The legend states that the Mayura was created from the feathers of Garuda, another divine bird of Hindu culture. Garuda is believed to be a vahana (conveyance) of Vishnu, one of the Trimurti. In images of the mayura as a mythical bird, it is depicted as killing a snake, which according to a number of Hindu scriptures, is a symbol of cycle of time.

== Significance ==
Mayura is associated with a number of gods and deities of the Hindus including the following:

- A story in the Uttara Ramayana elaborates on Indra, who unable to defeat Ravana, sheltered under the wing of a peacock and later blessed it with a "thousand eyes" and fearlessness from serpents. Another story has Indra who after being cursed with a thousand ulcers was transformed into a peacock with a thousand eyes.
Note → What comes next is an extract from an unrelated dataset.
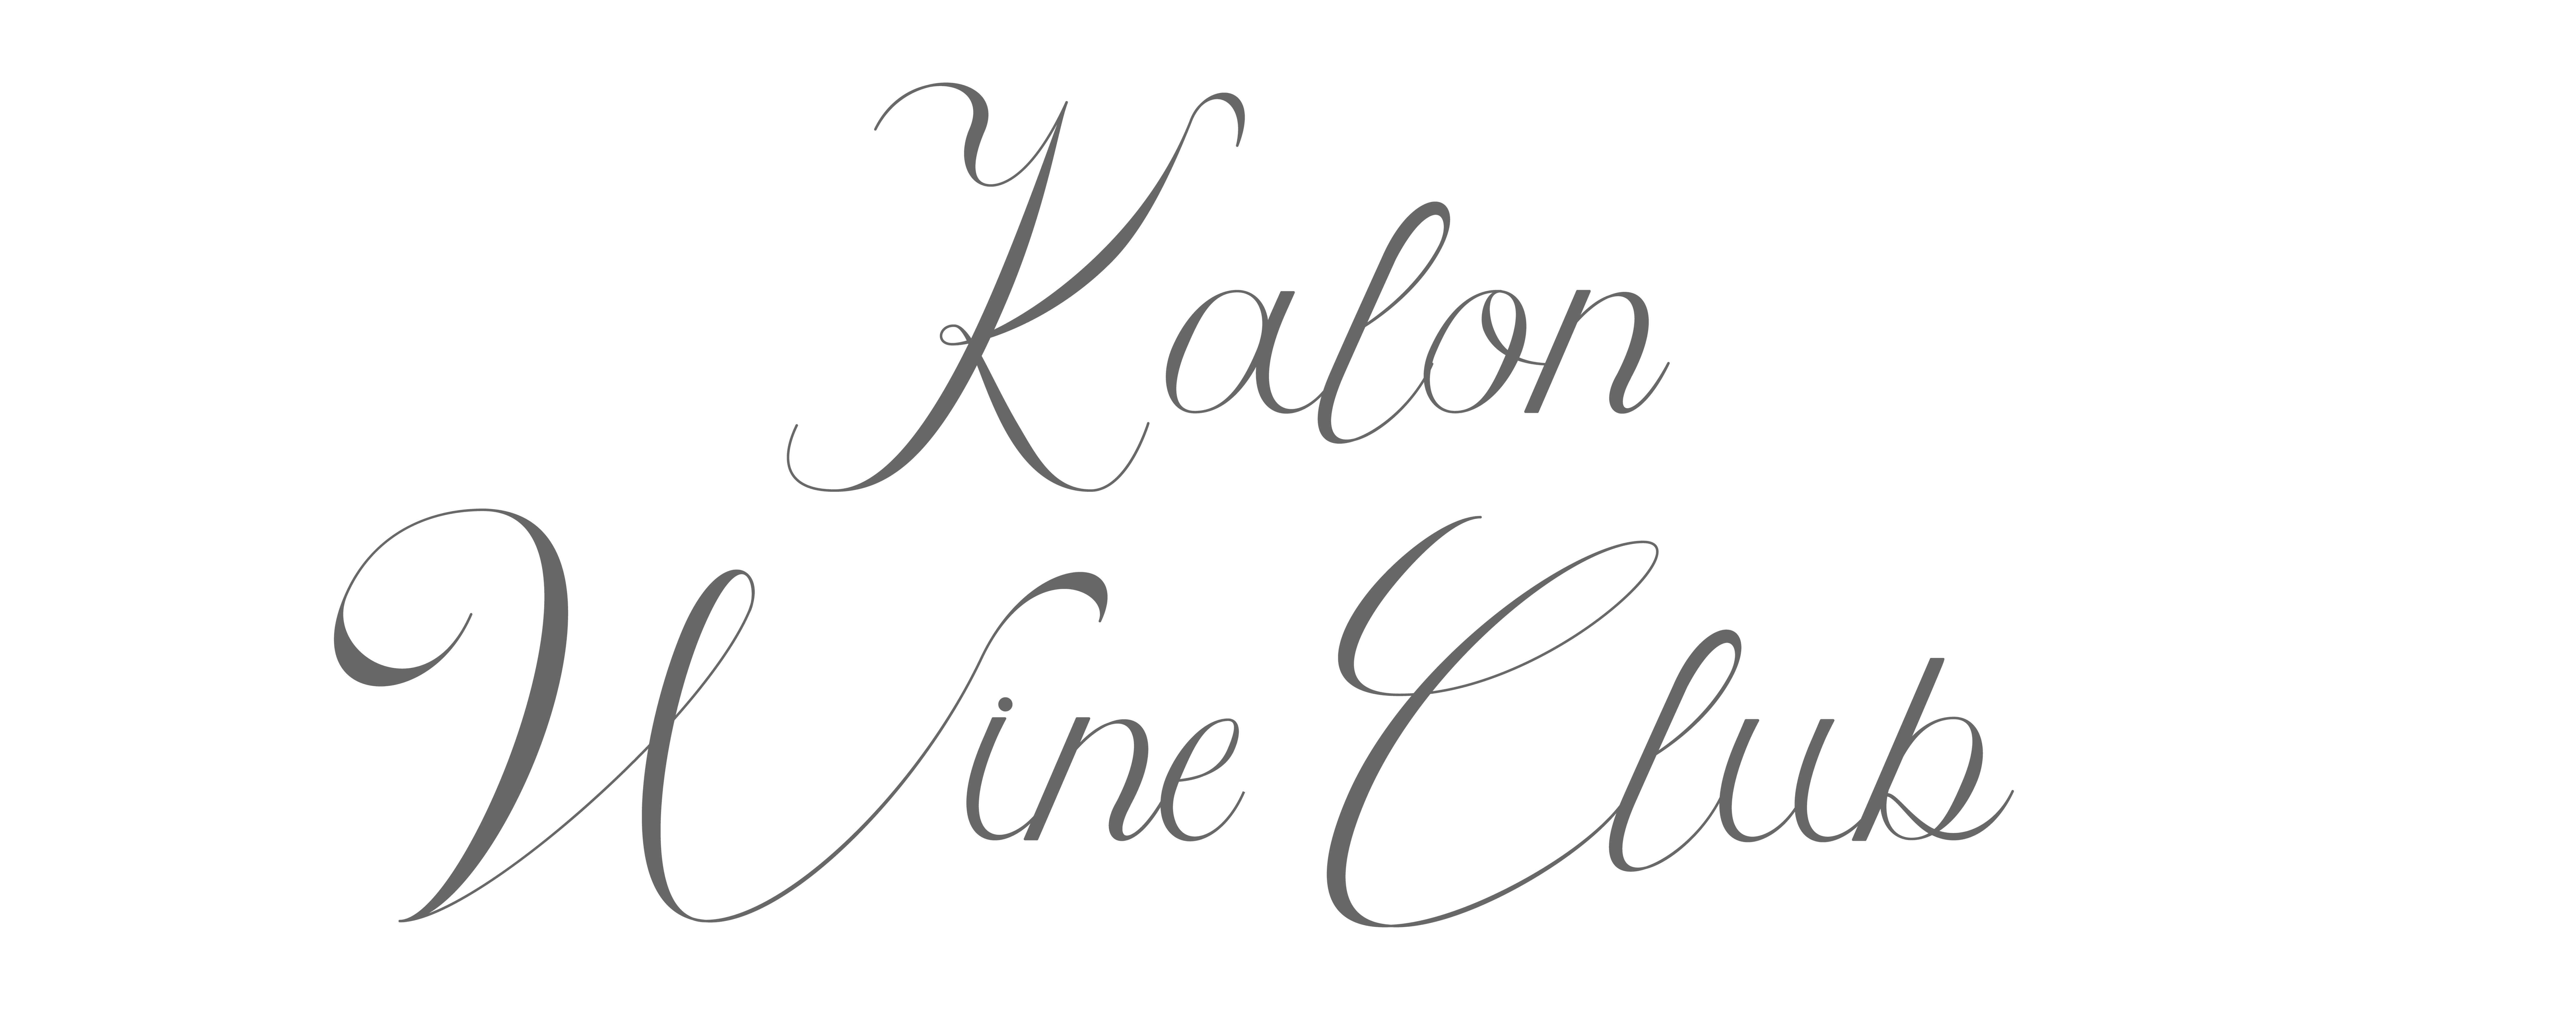 Kalon Wine Club gray wordmark
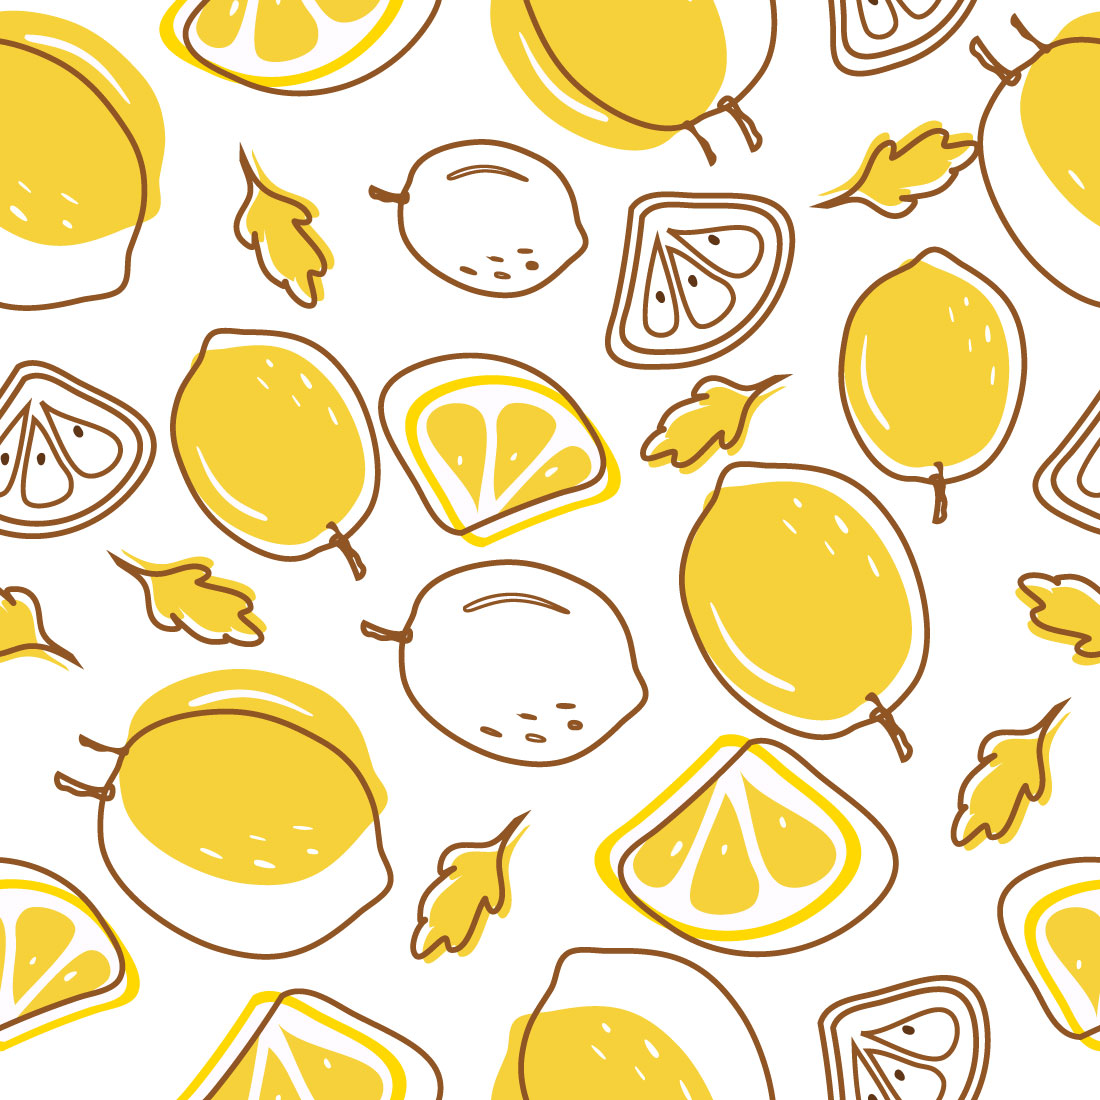 Lemon Seamless Pattern cover image.

The thousand eyes refer to the eyespots on the feathers.
- Kartikeya is generally depicted with a mayura and the mayura also serves as his conveyance.
- The mayura named Paravani serves as the conveyance of the god Kartikeya.
- Krishna is generally depicted with peacock feathers adorning his head.
- Lakshmi, the consort of Vishnu, is the goddess of prosperity, luck and beauty; she is symbolized by the mayura.
- Mayuresvara an incarnation of Ganesha, whose mount is a peacock (in the Ganesha Purana)
- The mayura named Citramekhala is associated with Saraswati, a deity representing benevolence, patience, kindness, compassion and knowledge.
- Sri Chanda Bhairavar, one of the Ashta Bhairava ("Eight Bhairavas"); whose mount is a peacock.
- Vikata ("unusual form", "misshapen"), an avatar of Ganesha, whose mount is a peacock (in the Mudgala Purana).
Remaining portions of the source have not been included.